Given records:
= = = = =

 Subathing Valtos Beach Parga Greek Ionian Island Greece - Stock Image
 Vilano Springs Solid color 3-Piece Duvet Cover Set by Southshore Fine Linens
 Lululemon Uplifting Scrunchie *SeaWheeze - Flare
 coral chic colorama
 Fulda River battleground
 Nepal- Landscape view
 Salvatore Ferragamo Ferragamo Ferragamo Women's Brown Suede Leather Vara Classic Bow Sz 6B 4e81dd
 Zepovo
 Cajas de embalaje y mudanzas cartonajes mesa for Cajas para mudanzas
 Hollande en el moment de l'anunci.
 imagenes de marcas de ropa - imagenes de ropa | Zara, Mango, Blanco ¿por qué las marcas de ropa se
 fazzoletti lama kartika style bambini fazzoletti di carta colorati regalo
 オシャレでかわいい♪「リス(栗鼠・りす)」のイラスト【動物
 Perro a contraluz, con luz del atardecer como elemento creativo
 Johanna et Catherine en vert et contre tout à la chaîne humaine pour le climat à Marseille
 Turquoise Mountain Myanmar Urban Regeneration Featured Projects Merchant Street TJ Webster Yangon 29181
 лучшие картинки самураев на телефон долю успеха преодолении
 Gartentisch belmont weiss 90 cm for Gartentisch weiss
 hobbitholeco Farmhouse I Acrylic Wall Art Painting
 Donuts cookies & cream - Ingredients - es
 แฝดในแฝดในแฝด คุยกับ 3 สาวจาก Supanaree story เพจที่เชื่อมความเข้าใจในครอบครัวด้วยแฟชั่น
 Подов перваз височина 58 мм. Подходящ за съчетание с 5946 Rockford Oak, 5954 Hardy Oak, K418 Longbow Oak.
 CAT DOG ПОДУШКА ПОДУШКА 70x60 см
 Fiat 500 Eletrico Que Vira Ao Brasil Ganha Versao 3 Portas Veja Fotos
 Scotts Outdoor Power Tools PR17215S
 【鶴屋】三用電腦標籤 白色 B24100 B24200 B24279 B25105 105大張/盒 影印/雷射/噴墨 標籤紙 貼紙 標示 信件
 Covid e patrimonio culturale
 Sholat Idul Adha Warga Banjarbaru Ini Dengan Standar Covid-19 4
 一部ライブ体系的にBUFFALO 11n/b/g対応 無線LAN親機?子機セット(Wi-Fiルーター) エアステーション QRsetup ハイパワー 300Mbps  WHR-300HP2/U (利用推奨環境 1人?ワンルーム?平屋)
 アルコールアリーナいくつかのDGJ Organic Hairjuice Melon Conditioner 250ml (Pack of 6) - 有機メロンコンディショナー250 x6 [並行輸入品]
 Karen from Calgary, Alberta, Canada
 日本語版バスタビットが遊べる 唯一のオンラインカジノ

= = = = =

Exercise goal: Please give again, word for word, only the lines from the one holding "Turquoise Mountain Myanmar" through the end of the listing above.

Answer to this task:
 Turquoise Mountain Myanmar Urban Regeneration Featured Projects Merchant Street TJ Webster Yangon 29181
 лучшие картинки самураев на телефон долю успеха преодолении
 Gartentisch belmont weiss 90 cm for Gartentisch weiss
 hobbitholeco Farmhouse I Acrylic Wall Art Painting
 Donuts cookies & cream - Ingredients - es
 แฝดในแฝดในแฝด คุยกับ 3 สาวจาก Supanaree story เพจที่เชื่อมความเข้าใจในครอบครัวด้วยแฟชั่น
 Подов перваз височина 58 мм. Подходящ за съчетание с 5946 Rockford Oak, 5954 Hardy Oak, K418 Longbow Oak.
 CAT DOG ПОДУШКА ПОДУШКА 70x60 см
 Fiat 500 Eletrico Que Vira Ao Brasil Ganha Versao 3 Portas Veja Fotos
 Scotts Outdoor Power Tools PR17215S
 【鶴屋】三用電腦標籤 白色 B24100 B24200 B24279 B25105 105大張/盒 影印/雷射/噴墨 標籤紙 貼紙 標示 信件
 Covid e patrimonio culturale
 Sholat Idul Adha Warga Banjarbaru Ini Dengan Standar Covid-19 4
 一部ライブ体系的にBUFFALO 11n/b/g対応 無線LAN親機?子機セット(Wi-Fiルーター) エアステーション QRsetup ハイパワー 300Mbps  WHR-300HP2/U (利用推奨環境 1人?ワンルーム?平屋)
 アルコールアリーナいくつかのDGJ Organic Hairjuice Melon Conditioner 250ml (Pack of 6) - 有機メロンコンディショナー250 x6 [並行輸入品]
 Karen from Calgary, Alberta, Canada
 日本語版バスタビットが遊べる 唯一のオンラインカジノ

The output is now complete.